### Data segment
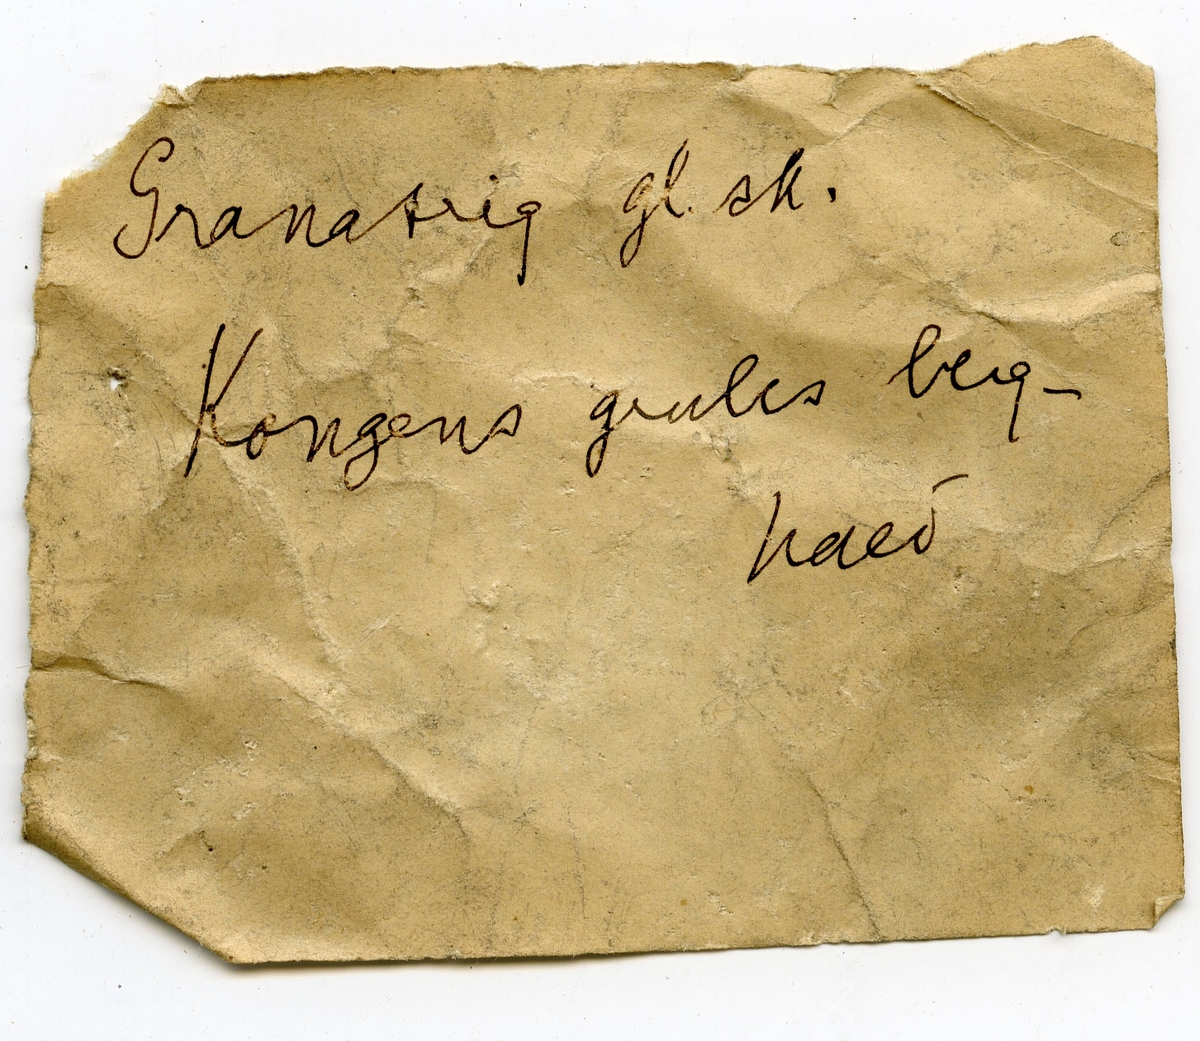 To prøver

Papirlapp i eske:
Granatrig gl. sk.
Kongens grubes berghald

### Work task
Copy the whole listing above word for word but do not carry over the pictures.

### Task response
 To prøver

Papirlapp i eske:
Granatrig gl. sk.
Kongens grubes berghald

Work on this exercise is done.